**Problem to solve**
Every line in the records below between the one holding "ZTC 16GB (2" and the one holding "LL type pneumatic reversing valve", inclusive, is to be set down exactly; all other lines are to be left out.

═════ Excerpted records ═════

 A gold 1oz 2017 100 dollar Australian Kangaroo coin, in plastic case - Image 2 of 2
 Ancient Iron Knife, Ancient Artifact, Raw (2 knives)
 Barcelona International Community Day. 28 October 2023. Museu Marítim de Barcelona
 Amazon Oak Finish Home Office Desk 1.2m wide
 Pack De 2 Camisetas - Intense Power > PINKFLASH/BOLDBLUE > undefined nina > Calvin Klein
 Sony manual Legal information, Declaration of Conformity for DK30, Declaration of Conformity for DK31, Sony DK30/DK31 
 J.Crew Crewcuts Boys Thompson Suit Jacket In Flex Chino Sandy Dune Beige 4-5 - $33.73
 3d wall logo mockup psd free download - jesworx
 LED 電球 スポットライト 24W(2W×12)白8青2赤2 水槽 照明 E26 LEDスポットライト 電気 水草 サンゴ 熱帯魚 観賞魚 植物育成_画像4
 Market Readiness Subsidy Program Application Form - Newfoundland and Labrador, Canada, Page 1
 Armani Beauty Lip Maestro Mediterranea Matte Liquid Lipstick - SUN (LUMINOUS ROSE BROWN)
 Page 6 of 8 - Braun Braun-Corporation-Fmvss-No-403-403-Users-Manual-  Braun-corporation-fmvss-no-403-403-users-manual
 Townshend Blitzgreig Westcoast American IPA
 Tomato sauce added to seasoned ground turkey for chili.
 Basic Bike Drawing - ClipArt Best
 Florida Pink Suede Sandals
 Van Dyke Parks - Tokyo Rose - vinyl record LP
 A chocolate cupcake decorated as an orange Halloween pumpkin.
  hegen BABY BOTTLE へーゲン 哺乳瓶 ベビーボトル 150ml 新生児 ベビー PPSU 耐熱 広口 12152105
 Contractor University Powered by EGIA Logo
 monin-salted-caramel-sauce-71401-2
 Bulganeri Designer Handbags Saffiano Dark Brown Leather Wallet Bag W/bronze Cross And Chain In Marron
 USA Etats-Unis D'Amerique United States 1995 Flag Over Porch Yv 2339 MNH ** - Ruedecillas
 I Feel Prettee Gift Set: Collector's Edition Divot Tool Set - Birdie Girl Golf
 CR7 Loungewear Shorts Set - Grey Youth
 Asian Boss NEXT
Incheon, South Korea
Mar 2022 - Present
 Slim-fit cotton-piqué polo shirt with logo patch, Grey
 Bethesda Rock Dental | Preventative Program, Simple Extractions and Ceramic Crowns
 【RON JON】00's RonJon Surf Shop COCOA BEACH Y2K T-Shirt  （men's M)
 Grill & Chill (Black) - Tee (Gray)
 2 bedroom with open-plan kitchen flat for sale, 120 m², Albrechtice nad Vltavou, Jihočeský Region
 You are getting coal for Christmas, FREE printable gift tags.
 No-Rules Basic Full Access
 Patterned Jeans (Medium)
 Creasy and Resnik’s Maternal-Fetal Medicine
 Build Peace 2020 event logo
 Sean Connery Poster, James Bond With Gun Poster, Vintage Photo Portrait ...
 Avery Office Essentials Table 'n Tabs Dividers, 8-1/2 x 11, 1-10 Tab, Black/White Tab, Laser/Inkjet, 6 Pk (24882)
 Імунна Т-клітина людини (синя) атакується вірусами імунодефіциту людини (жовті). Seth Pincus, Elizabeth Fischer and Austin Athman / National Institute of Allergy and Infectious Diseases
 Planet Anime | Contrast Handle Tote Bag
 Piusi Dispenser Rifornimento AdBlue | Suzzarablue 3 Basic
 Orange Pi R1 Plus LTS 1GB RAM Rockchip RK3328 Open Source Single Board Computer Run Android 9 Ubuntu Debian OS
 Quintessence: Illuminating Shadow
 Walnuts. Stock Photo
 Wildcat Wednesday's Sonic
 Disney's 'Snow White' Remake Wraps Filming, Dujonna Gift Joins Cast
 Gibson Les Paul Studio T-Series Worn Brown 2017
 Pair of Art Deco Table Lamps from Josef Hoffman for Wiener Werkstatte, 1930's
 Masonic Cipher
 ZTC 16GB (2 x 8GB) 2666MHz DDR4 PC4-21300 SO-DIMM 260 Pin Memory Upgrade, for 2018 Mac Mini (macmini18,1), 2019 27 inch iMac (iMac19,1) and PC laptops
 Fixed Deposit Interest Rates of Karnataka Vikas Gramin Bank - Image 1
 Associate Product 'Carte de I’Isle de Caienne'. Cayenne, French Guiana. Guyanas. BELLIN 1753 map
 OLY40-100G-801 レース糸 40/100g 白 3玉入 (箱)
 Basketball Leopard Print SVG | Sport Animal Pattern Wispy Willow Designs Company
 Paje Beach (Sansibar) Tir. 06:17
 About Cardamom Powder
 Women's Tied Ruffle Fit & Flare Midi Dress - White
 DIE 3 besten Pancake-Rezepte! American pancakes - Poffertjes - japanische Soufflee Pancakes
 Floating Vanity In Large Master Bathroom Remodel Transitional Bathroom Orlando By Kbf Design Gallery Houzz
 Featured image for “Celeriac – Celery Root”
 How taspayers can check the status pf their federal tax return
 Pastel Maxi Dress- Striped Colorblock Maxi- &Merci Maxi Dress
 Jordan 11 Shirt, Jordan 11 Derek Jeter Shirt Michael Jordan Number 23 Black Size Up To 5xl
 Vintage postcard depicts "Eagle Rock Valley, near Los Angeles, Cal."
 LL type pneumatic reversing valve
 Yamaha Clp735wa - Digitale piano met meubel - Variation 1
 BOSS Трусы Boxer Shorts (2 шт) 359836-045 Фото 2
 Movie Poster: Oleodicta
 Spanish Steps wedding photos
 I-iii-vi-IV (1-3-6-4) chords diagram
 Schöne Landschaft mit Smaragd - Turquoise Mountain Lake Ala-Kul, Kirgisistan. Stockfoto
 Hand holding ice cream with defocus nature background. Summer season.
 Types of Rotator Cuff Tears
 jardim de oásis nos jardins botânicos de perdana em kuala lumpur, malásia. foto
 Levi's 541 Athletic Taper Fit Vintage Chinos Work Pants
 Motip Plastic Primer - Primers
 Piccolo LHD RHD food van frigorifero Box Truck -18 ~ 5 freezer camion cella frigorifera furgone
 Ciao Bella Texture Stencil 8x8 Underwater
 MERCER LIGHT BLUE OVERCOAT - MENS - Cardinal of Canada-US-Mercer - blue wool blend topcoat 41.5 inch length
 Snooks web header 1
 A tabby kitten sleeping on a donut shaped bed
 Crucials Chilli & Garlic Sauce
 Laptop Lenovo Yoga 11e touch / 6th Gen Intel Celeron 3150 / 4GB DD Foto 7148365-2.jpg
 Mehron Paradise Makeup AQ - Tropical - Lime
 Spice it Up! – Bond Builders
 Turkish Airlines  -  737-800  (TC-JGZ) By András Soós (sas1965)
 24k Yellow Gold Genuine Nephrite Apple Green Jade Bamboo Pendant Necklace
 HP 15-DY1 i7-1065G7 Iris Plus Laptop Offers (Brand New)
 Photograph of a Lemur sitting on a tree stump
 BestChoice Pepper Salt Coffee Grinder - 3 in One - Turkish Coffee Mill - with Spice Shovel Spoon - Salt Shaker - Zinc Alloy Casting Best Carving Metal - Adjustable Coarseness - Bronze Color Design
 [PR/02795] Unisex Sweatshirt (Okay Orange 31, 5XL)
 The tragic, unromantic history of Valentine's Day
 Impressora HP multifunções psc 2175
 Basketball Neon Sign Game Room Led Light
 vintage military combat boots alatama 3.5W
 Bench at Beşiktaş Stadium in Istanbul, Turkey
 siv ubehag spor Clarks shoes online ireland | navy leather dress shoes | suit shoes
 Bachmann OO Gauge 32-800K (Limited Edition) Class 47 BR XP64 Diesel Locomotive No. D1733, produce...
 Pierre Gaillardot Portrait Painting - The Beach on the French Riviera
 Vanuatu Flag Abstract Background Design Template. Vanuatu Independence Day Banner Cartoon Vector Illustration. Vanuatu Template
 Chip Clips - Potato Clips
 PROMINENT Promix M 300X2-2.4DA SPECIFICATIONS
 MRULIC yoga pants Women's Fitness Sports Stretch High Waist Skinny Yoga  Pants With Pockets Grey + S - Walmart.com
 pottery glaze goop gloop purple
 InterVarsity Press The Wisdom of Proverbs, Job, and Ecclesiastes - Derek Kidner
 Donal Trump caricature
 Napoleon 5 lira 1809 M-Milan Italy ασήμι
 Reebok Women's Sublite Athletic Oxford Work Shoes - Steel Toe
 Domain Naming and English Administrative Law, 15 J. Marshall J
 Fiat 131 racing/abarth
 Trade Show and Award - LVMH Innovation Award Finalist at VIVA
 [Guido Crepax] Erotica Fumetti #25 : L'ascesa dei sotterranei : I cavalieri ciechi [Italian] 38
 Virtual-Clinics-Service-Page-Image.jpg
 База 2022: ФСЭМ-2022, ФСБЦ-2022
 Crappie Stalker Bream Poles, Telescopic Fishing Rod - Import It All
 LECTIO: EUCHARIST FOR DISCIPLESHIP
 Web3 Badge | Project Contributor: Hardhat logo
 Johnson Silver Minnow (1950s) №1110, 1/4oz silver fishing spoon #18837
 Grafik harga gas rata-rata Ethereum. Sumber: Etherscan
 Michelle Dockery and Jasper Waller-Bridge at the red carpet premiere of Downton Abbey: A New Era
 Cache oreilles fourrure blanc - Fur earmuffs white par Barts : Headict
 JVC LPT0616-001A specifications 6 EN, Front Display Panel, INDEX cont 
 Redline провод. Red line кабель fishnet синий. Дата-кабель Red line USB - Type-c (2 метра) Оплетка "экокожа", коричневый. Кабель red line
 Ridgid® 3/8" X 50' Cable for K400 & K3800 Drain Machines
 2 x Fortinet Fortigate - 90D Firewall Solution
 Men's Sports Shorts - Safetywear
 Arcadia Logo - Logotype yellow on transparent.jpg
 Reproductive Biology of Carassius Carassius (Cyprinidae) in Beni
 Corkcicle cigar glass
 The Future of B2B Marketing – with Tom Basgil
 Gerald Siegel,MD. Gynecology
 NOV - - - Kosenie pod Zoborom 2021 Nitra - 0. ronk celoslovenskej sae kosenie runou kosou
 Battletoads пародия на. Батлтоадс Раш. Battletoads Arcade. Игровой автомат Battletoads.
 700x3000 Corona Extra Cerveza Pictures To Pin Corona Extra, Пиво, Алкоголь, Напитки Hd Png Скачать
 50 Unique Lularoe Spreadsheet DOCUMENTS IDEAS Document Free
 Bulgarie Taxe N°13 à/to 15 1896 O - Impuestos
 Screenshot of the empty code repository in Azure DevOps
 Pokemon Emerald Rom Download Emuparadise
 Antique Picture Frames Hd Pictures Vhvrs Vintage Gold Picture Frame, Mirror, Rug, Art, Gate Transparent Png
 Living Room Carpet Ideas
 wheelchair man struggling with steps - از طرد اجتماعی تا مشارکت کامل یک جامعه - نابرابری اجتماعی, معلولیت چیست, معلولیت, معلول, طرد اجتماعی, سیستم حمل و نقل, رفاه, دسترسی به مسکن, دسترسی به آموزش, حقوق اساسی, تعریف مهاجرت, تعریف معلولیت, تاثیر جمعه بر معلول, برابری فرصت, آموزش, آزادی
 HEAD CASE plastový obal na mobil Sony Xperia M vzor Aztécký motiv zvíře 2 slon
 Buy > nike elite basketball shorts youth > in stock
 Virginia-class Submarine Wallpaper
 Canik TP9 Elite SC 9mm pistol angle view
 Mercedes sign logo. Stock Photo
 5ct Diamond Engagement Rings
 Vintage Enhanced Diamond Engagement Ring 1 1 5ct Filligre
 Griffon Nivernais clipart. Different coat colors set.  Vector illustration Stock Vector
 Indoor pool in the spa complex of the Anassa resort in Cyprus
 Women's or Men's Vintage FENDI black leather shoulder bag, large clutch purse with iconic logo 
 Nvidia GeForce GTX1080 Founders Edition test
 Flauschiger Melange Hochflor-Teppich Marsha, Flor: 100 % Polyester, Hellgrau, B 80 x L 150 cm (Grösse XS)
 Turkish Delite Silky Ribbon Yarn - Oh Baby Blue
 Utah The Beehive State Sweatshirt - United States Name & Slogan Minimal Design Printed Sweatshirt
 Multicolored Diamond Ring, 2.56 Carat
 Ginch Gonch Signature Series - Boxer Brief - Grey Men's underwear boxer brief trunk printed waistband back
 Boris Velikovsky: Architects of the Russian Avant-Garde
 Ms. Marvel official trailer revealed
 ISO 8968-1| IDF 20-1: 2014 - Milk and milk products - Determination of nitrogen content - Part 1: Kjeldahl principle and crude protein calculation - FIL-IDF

═════

**Written response**
 ZTC 16GB (2 x 8GB) 2666MHz DDR4 PC4-21300 SO-DIMM 260 Pin Memory Upgrade, for 2018 Mac Mini (macmini18,1), 2019 27 inch iMac (iMac19,1) and PC laptops
 Fixed Deposit Interest Rates of Karnataka Vikas Gramin Bank - Image 1
 Associate Product 'Carte de I’Isle de Caienne'. Cayenne, French Guiana. Guyanas. BELLIN 1753 map
 OLY40-100G-801 レース糸 40/100g 白 3玉入 (箱)
 Basketball Leopard Print SVG | Sport Animal Pattern Wispy Willow Designs Company
 Paje Beach (Sansibar) Tir. 06:17
 About Cardamom Powder
 Women's Tied Ruffle Fit & Flare Midi Dress - White
 DIE 3 besten Pancake-Rezepte! American pancakes - Poffertjes - japanische Soufflee Pancakes
 Floating Vanity In Large Master Bathroom Remodel Transitional Bathroom Orlando By Kbf Design Gallery Houzz
 Featured image for “Celeriac – Celery Root”
 How taspayers can check the status pf their federal tax return
 Pastel Maxi Dress- Striped Colorblock Maxi- &Merci Maxi Dress
 Jordan 11 Shirt, Jordan 11 Derek Jeter Shirt Michael Jordan Number 23 Black Size Up To 5xl
 Vintage postcard depicts "Eagle Rock Valley, near Los Angeles, Cal."
 LL type pneumatic reversing valve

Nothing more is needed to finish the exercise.